The performance gains in rendering of Perspective are due to using canvas + Webassembly. This would be exactly the same in Tauri or Webview2 because it would run in the same browser rendering engines which execute the Canvas renderer and Webassembly like in a browser or in Electron.

> The key benefits observed from the transition from Electron to WebView2 include reduced memory usage and a lowered disk footprint as resources are shared with Edge.

That's exactly pretty much where the benefits end. The memory usage reduction is even debatable if you are not running Edge as your browser. See WebView2 as an installed Electron core that's pre-installed on Windows.
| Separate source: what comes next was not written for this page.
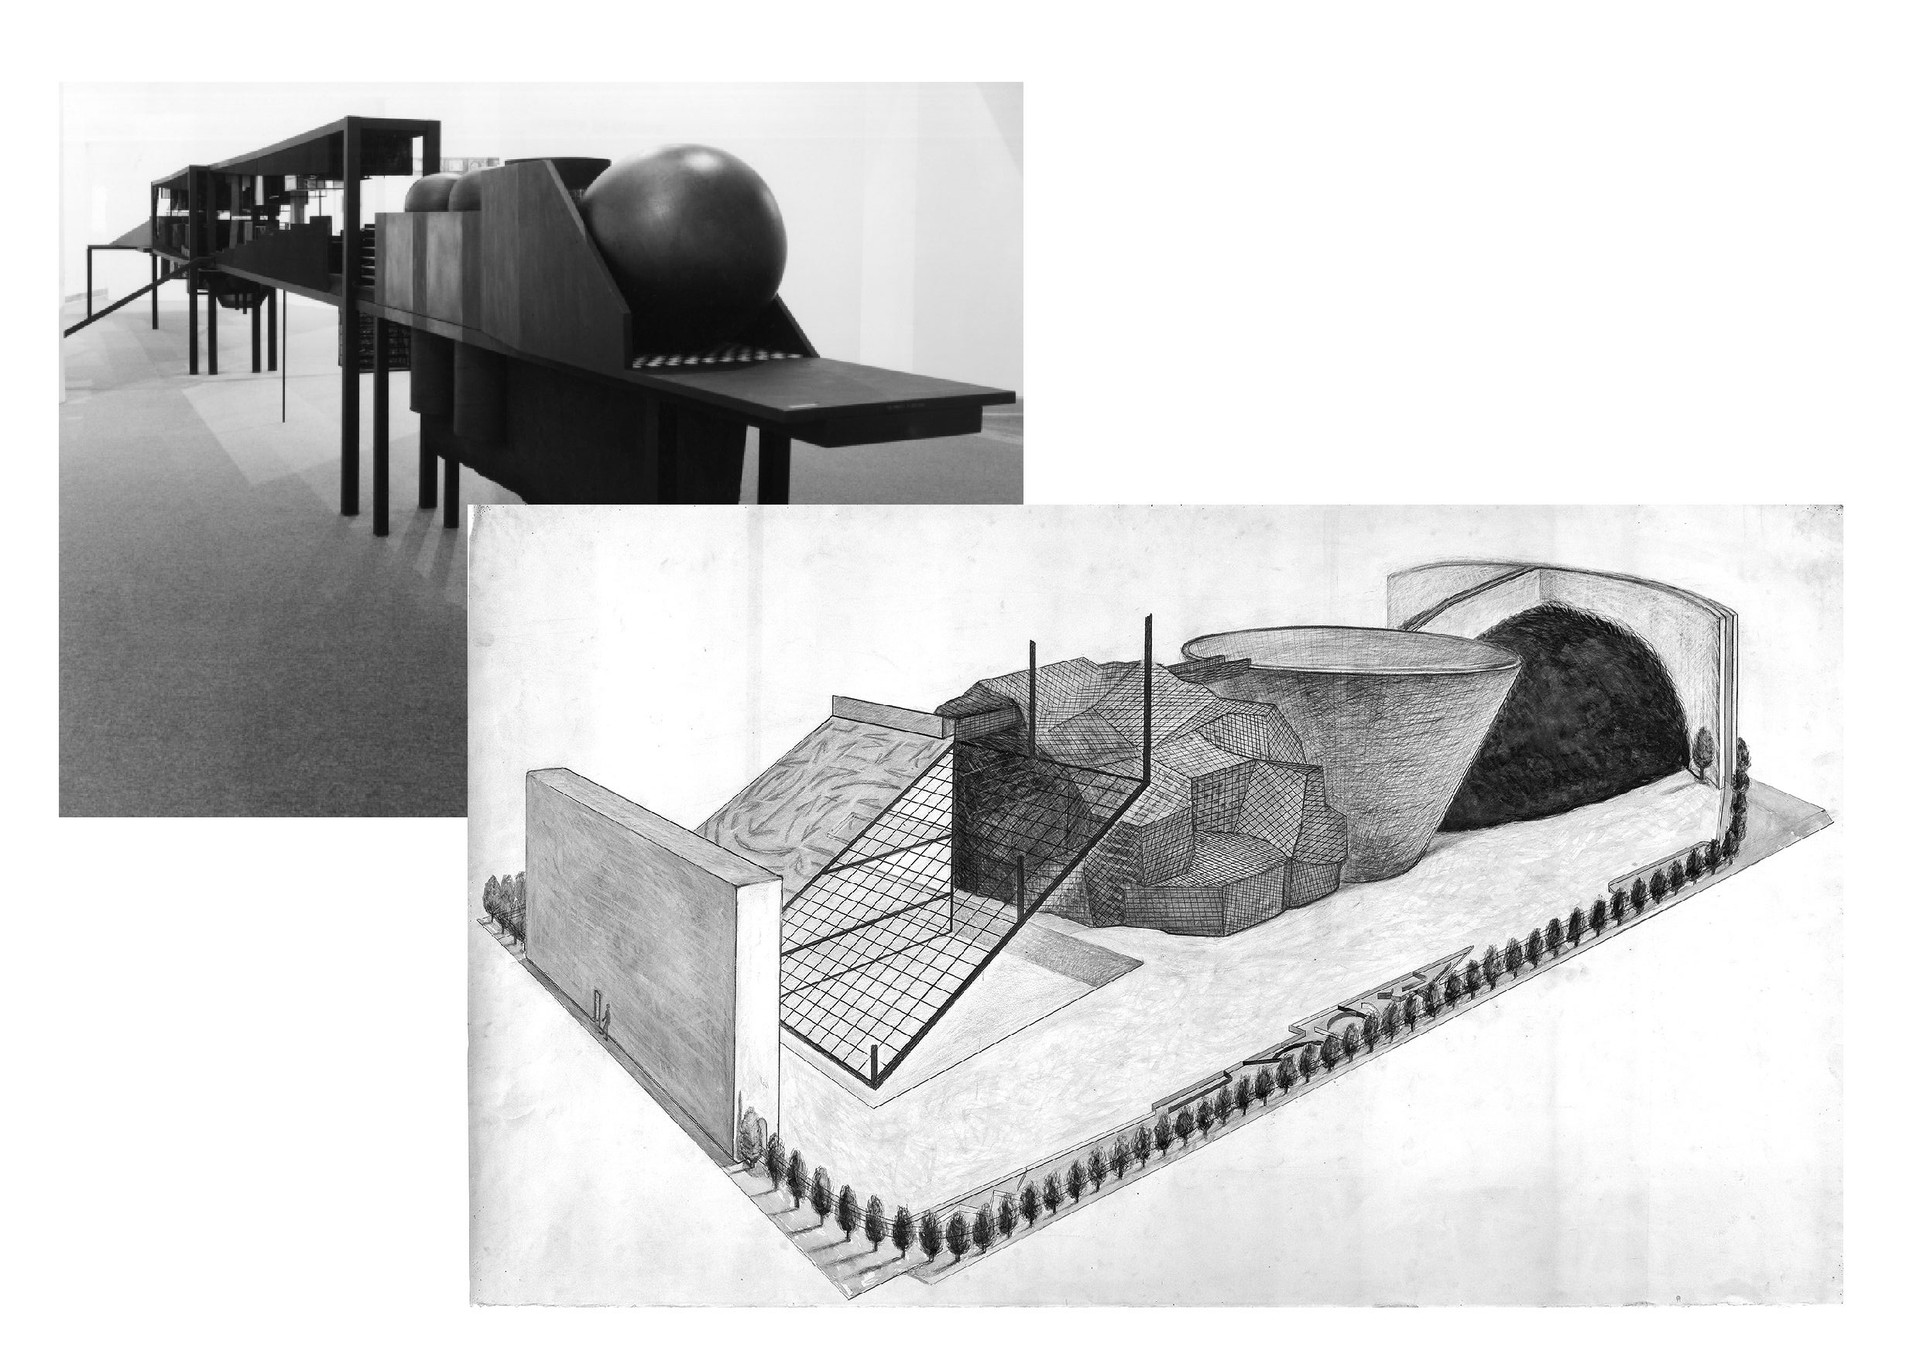 «The Process in Question/Bridge of Reversible Destiny» (1973-89) + «Container for Mind-Blank-Body» (1984). Courtesy: https://tinyurl.com/239b92b3

Doesn't change rendering performance.

> In the case of Sciter (quoted in my parent comment), Sciter is a bit different: The frontend is HTML, CSS and JS, but the app's local backend is whatever you want it to be: C#, C++, Python, Assembly, etc. That's why it's popular among performance-critical software such as malware scanners, where you need native performance but as well as a you know customers that like a nice UI.

Yea that's why I didn't list Sciter in my reply. With Sciter you don't get the system webview - you get a custom minimalistic web html/css rendering engine that supports a limited subset of the HTML5/CSS3 spec. There's no WebGL and there's no Webassembly. So you'd have to bring your own libraries for that. Easy enough with Webassembly and they could even skip that part and go native but with Canvas and trying to run on all major platforms... it's just a lot of added work for minor gains.

I'm not against libraries like Tauri. Perspective could totally use that to make a desktop app. It would not have any advantage when it comes to rendering performance though.